A quelques mois d’intervalle seulement, en 1994, sur les collines du Rwanda, s’était joué un drame d’une ampleur encore plus effroyable : l’extermination planifiée de plus d’un million de tutsi par le régime extrémiste hutu, sous les yeux d’une communauté internationale pétrifiée par l’inaction.
Dans les deux cas, Srebrenica comme Kigali, les puissances dites civilisées, arc-boutées sur leur prudence diplomatique et leur frilosité politique, ont laissé libre cours à une sauvagerie méthodiquement orchestrée.
A Srebrenica, les Casques bleus néerlandais, mandatés pour protéger une « zone de sécurité » proclamée par les Nations unies, assistèrent impuissants à l’assaut meurtrier des troupes de Ratko Mladić.
Au Rwanda, la Mission des Nations unies pour l’assistance au Rwanda (MINUAR), réduite à peau de chagrin après le retrait de ses contingents les plus importants, demeura spectatrice d’un génocide que nombre de chancelleries occidentales s’obstinèrent à ne pas nommer.

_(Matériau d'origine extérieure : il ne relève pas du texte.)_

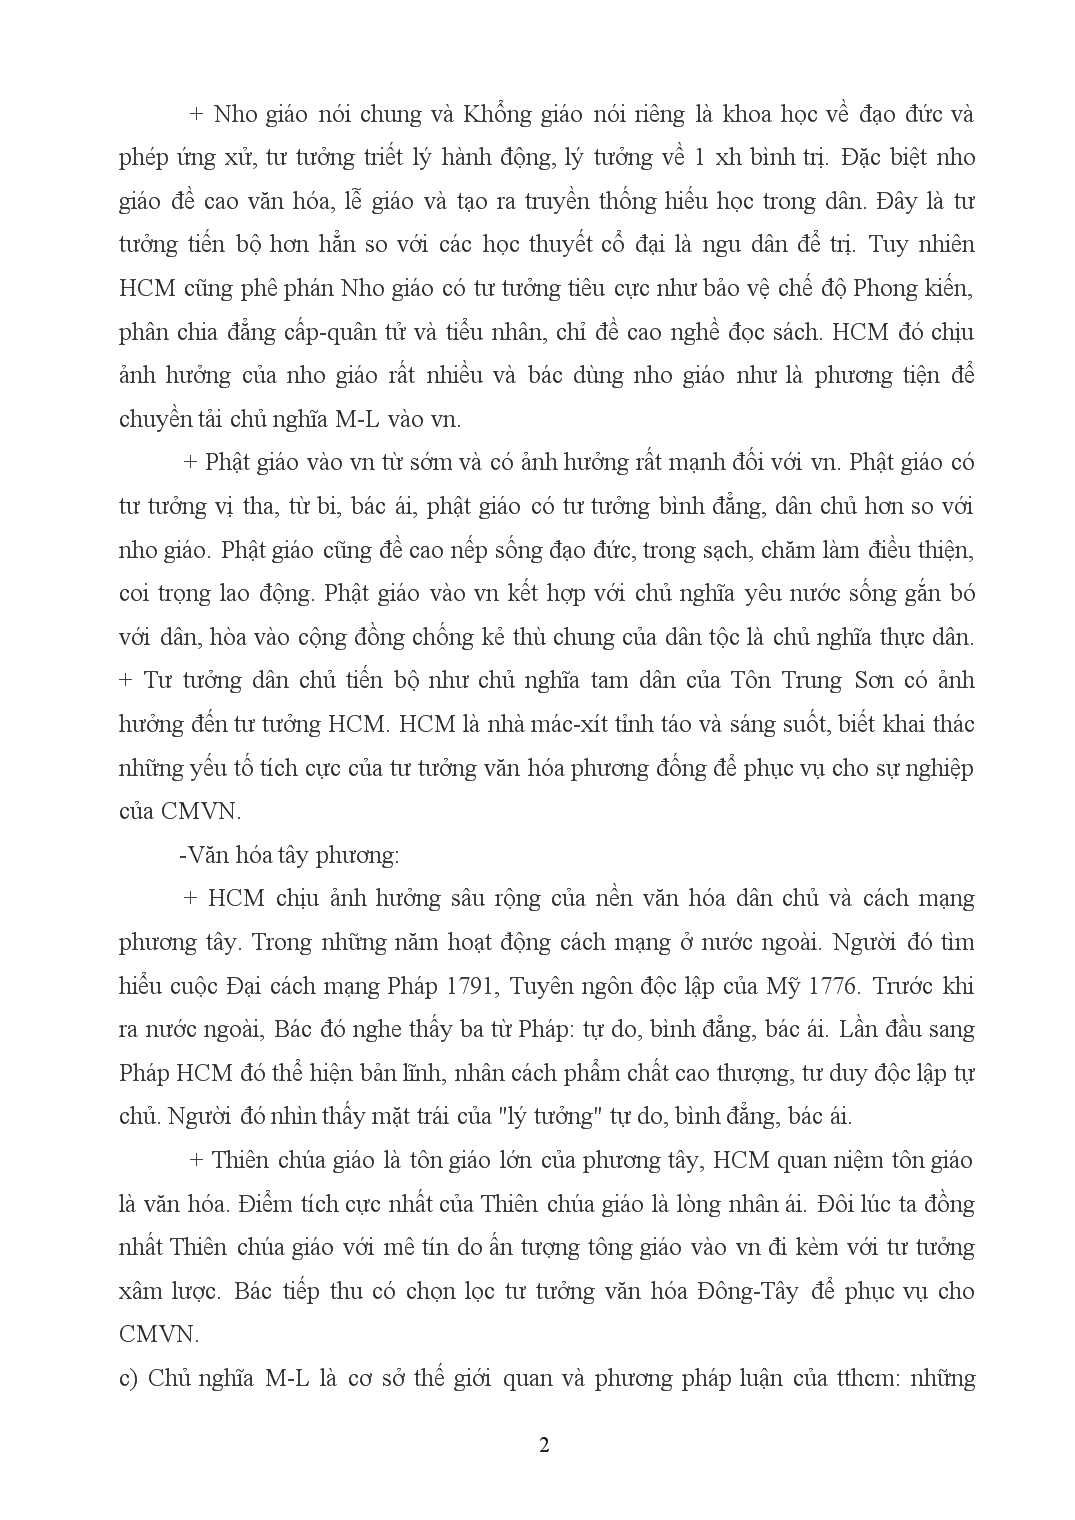 Nguồn gốc hình thành tư tưởng Hồ Chí Minh trang 2

Le silence des puissants : une constante dans la hiérarchie des vies humaines
La similitude entre ces deux tragédies ne tient pas seulement à leur sauvagerie ou à leur temporalité. Elle se loge surtout dans l’évidente hiérarchie des vies humaines que révèle l’inaction de la communauté internationale. En Bosnie comme au Rwanda, le refus de nommer les crimes, la lenteur coupable des réactions et la fragmentation des responsabilités ont conduit à une faillite morale sans précédent.

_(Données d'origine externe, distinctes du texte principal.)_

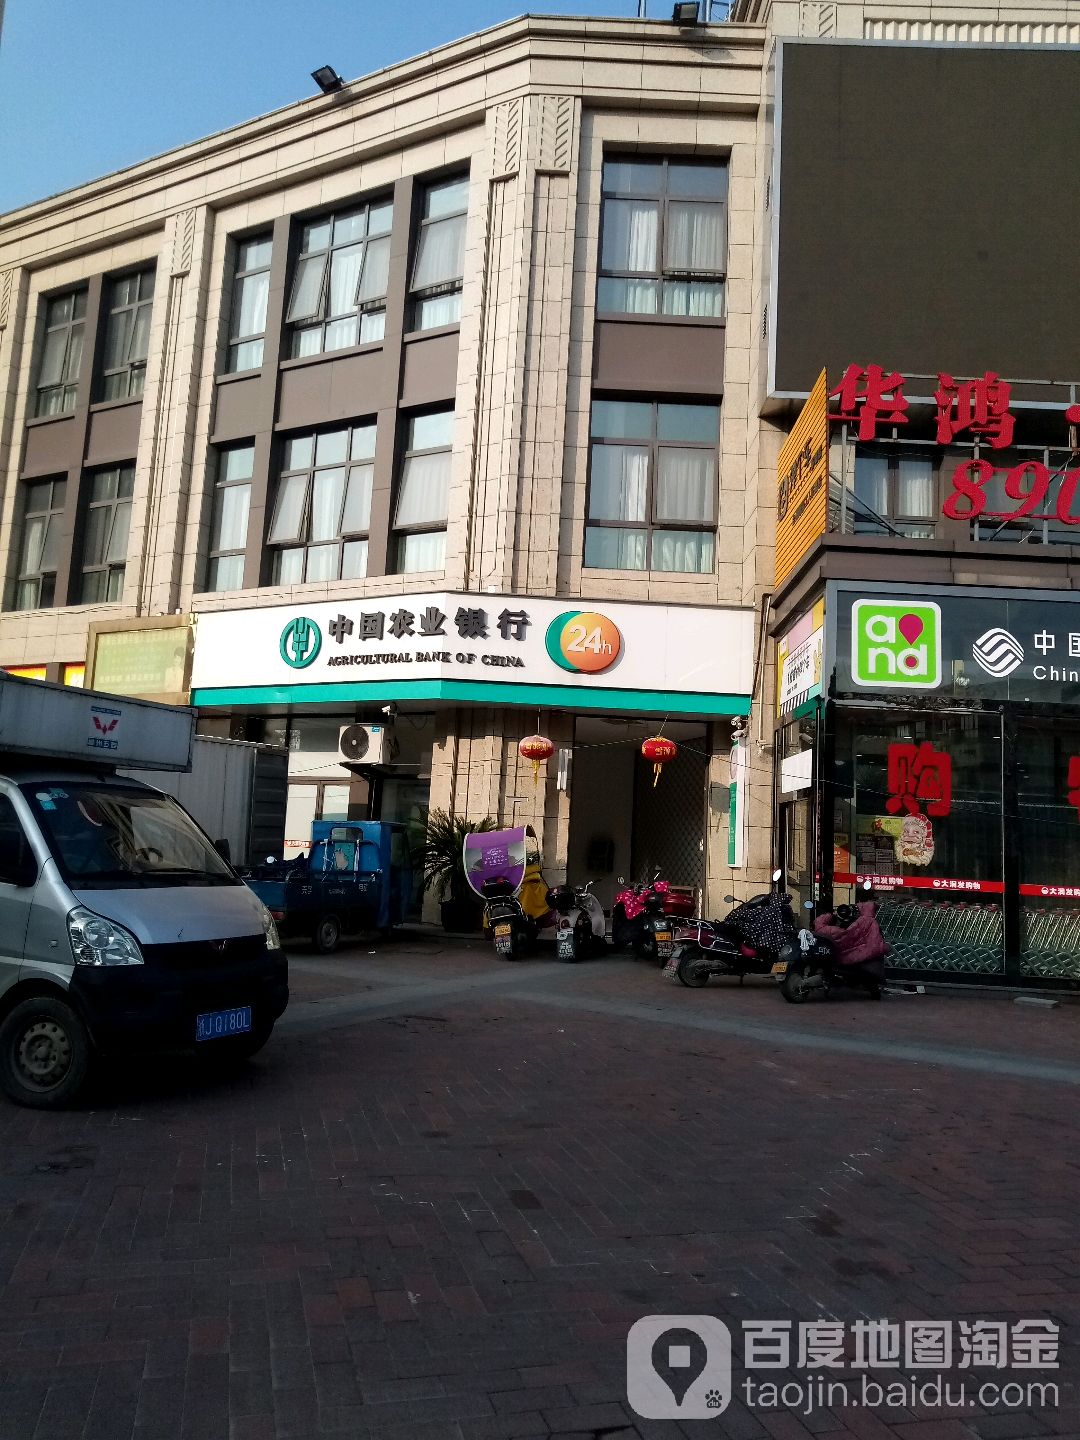 中国农业银行24小时自助银行服务(工人东路店)

L’argument de la complexité locale, souvent invoqué pour masquer l’inertie des institutions internationales, s’est avéré être un voile commode pour couvrir l’indifférence.
En 1994, à Kigali, le Conseil de sécurité tergiversait encore pendant que les collines se couvraient de cadavres. La France, les États-Unis, la Belgique, chacun selon ses intérêts stratégiques préféra différer toute intervention sous prétexte de neutralité, de prudence ou de calcul diplomatique.
En 1995, à Srebrenica, ce fut la même léthargie meurtrière qui prévalut. L’Europe, tout juste sortie de la guerre froide, se révéla incapable d’assumer sa propre sécurité, laissant aux États-Unis le soin d’intervenir tardivement pour mettre fin à la tragédie bosniaque.
Devoir de mémoire et géopolitique du déni : quand les fantômes de l’histoire hantent le présent
Trente ans après, les dénégations persistent, et les révisionnismes prolifèrent. En Bosnie-Herzégovine, la Republika Srpska de Milorad Dodik s’emploie méthodiquement à contester la réalité du génocide de Srebrenica.
Plus grave encore, le négationnisme est devenu un outil politique de fragmentation territoriale, alimenté par des ingérences soucieuses d’attiser les foyers de déstabilisation aux portes de l’Union européenne.
Ce même déni structurel se retrouve dans le traitement du génocide contre les Tutsi : malgré les avancées judiciaires du TPIR, les entreprises de révision historique, notamment dans certaines sphères occidentales, tentent encore d’en relativiser l’ampleur ou de déplacer la focale sur des lectures concurrentes et fallacieuses du conflit.
Le ministre français délégué à l’Europe, Benjamin Haddad, en rappelant récemment que « Srebrenica est un génocide sur le sol européen que nous avons été incapables d’empêcher », acte une lucidité tardive mais nécessaire.
Pourtant, cette reconnaissance demeure partielle tant qu’elle ne s’accompagne pas d’une introspection similaire sur l’aveuglement volontaire au Rwanda. Commemorer, ce n’est pas seulement se souvenir : c’est se confronter à l’insoutenable vérité que l’institution onusienne, garante théorique de la paix, fut à la fois complice par passivité et instrumentalisée par les intérêts nationaux divergents.
En définitive, Srebrenica et Kigali demeurent les noms jumeaux d’une faillite systémique de la gouvernance internationale face au crime absolu.
A l’heure où l’Europe s’interroge sur son avenir sécuritaire et géopolitique, la seule mémoire digne est celle qui engage à prévenir, à reconnaître et à nommer, sans équivoque ni cynisme, les tragédies humaines lorsqu’elles surgissent et surtout avant qu’il ne soit trop tard.